When a job associated with one of the resources executes, it will be assigned to the instance group associated with the resource. During the execution process, instance groups associated with Job Templates are checked before those associated with Inventories. Similarly, instance groups associated with Inventories are checked before those associated with Organizations. Thus, Instance Group assignments for the three resources form a hierarchy: Job Template > Inventory > Organization.

Here are some of the things to consider when working with instance groups:

  • You may optionally define other groups and group instances in those groups. These groups should be prefixed with instance_group_. Instances are not required to be in the tower group alongside other instance_group_ groups, but one instance must be present in the tower group. Technically, tower is a group like any other instance_group_ group, but it must always be present, and if a specific group is not associated with a specific resource, then job execution will always fall back to the tower group. The tower instance group always exists (it cannot be deleted nor renamed).
  • Do not create a group named instance_group_tower.
  • Do not name any instance the same as a group name.
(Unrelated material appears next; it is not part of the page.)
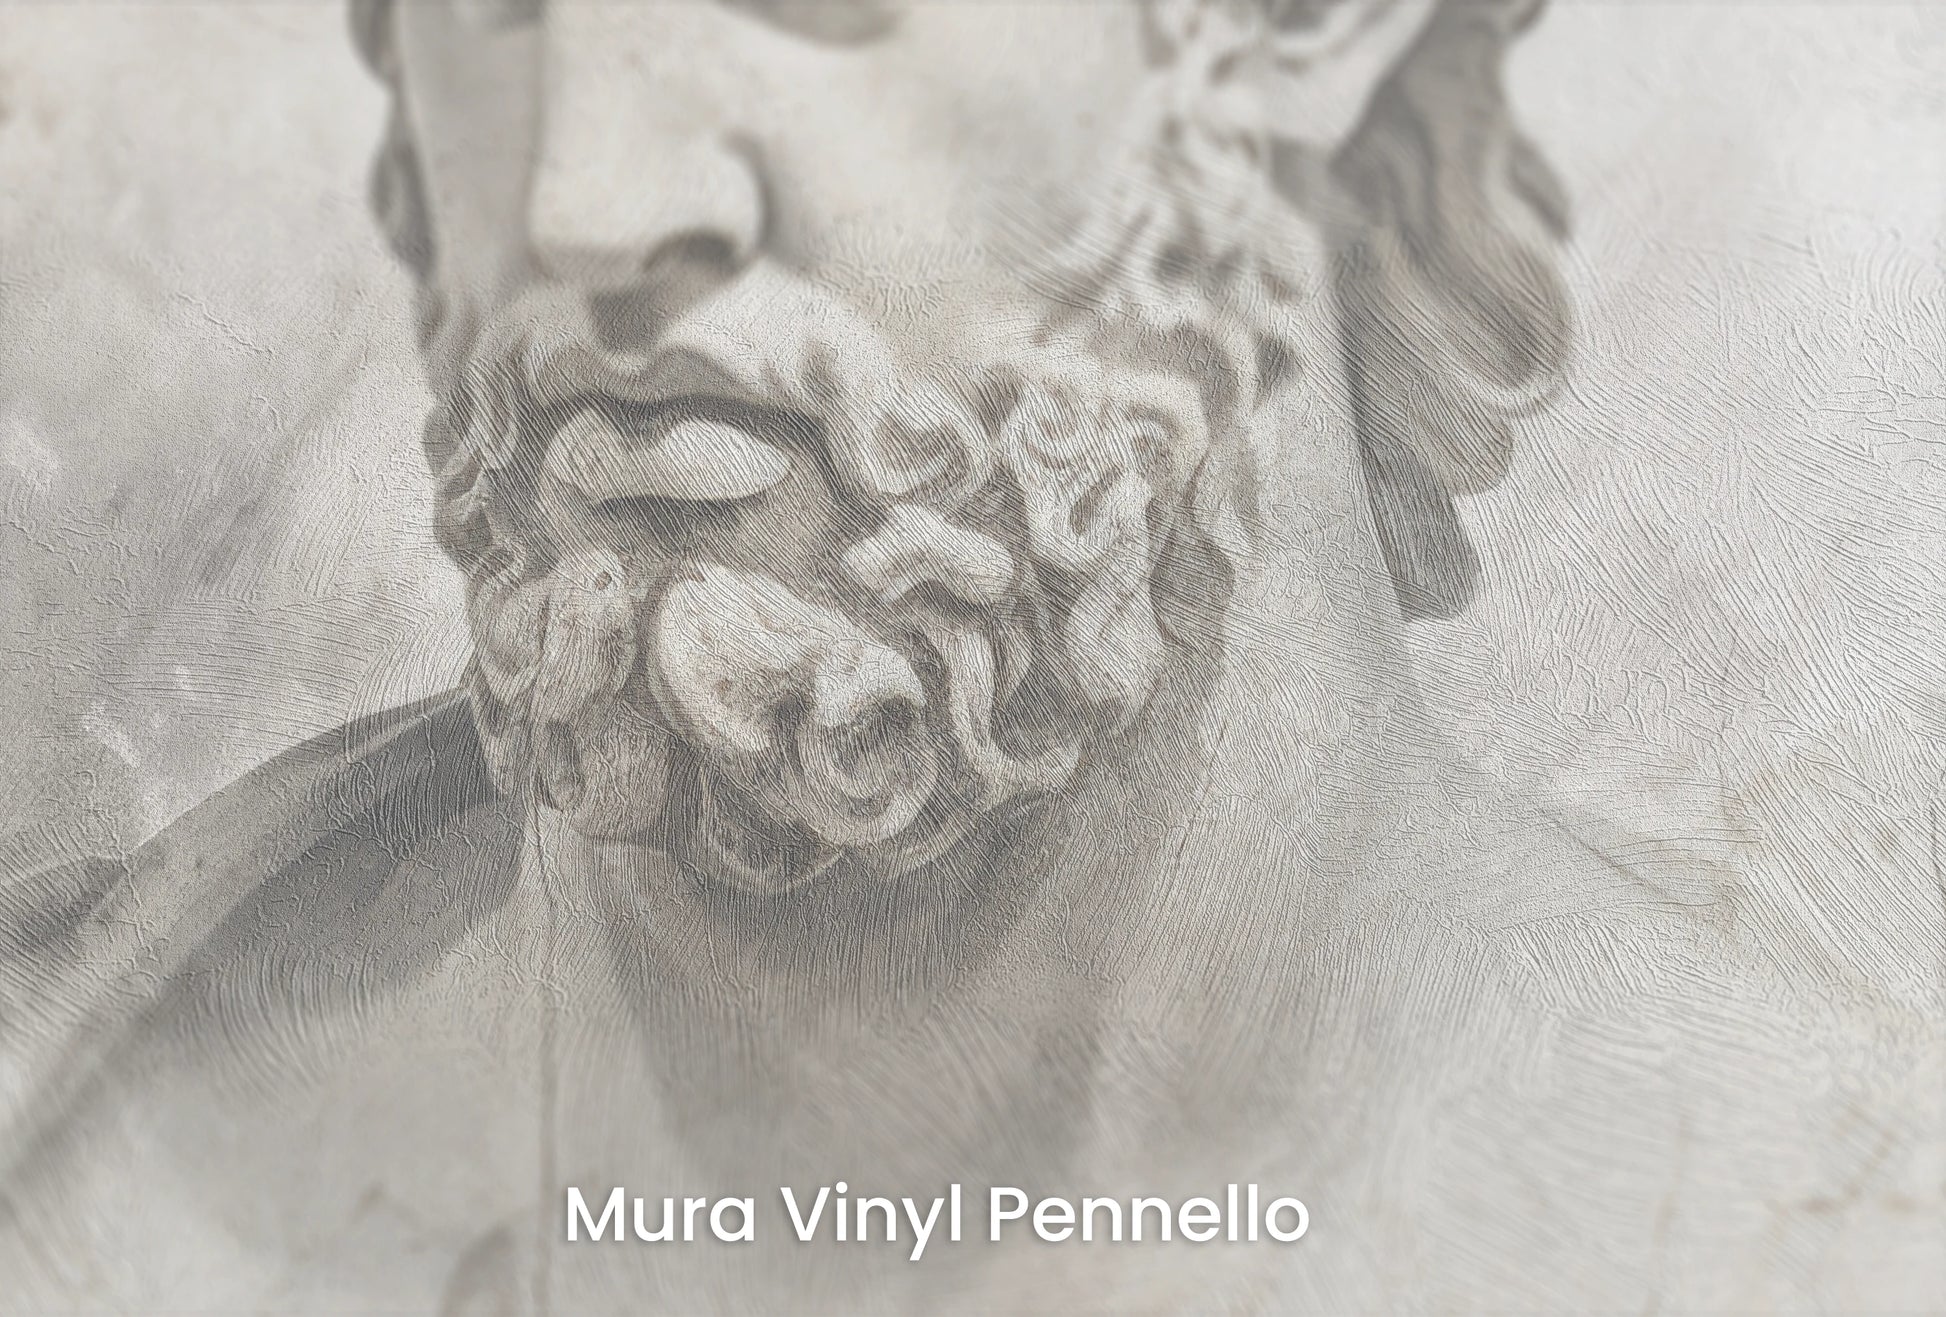 Zbliżenie na artystyczną fototapetę o nazwie Poseidon's Watch na podłożu Mura Vinyl Pennello - faktura pociągnięć pędzla malarskiego.

9.1.1. Configuring Instance Groups from the API

Instance groups can be created by POSTing to /api/v2/instance_groups as a system administrator.

Once created, instances can be associated with an instance group with:

HTTP POST /api/v2/instance_groups/x/instances/ {'id': y}`

An instance that is added to an instance group will automatically reconfigure itself to listen on the group’s work queue. See the following section, Instance group policies, for more details.

9.1.2. Instance group policies

You can configure Tower instances to automatically join Instance Groups when they come online by defining a policy. These policies are evaluated for every new instance that comes online.

Instance Group Policies are controlled by three optional fields on an Instance Group:

  • policy_instance_percentage: This is a number between 0 - 100. It guarantees that this percentage of active Tower instances will be added to this Instance Group. As new instances come online, if the number of Instances in this group relative to the total number of instances is less than the given percentage, then new ones will be added until the percentage condition is satisfied.
  • policy_instance_minimum: This policy attempts to keep at least this many instances in the Instance Group. If the number of available instances is lower than this minimum, then all instances will be placed in this Instance Group.
  • policy_instance_list: This is a fixed list of instance names to always include in this Instance Group.

The Instance Groups list view from the Ansible Tower User Interface provides a summary of the capacity levels for each instance group according to instance group policies:

Instance Group policy example

9.1.3. Notable policy considerations

  • policy_instance_percentage and policy_instance_minimum both set minimum allocations. The rule that results in more instances assigned to the group will take effect. For example, if you have a policy_instance_percentage of 50% and a policy_instance_minimum of 2 and you start 6 instances, 3 of them would be assigned to the Instance Group. If you reduce the number of total instances in the cluster to 2, then both of them would be assigned to the Instance Group to satisfy policy_instance_minimum. This way, you can set a lower bound on the amount of available resources.
  • Policies do not actively prevent instances from being associated with multiple Instance Groups, but this can effectively be achieved by making the percentages add up to 100. If you have 4 instance groups, assign each a percentage value of 25 and the instances will be distributed among them with no overlap.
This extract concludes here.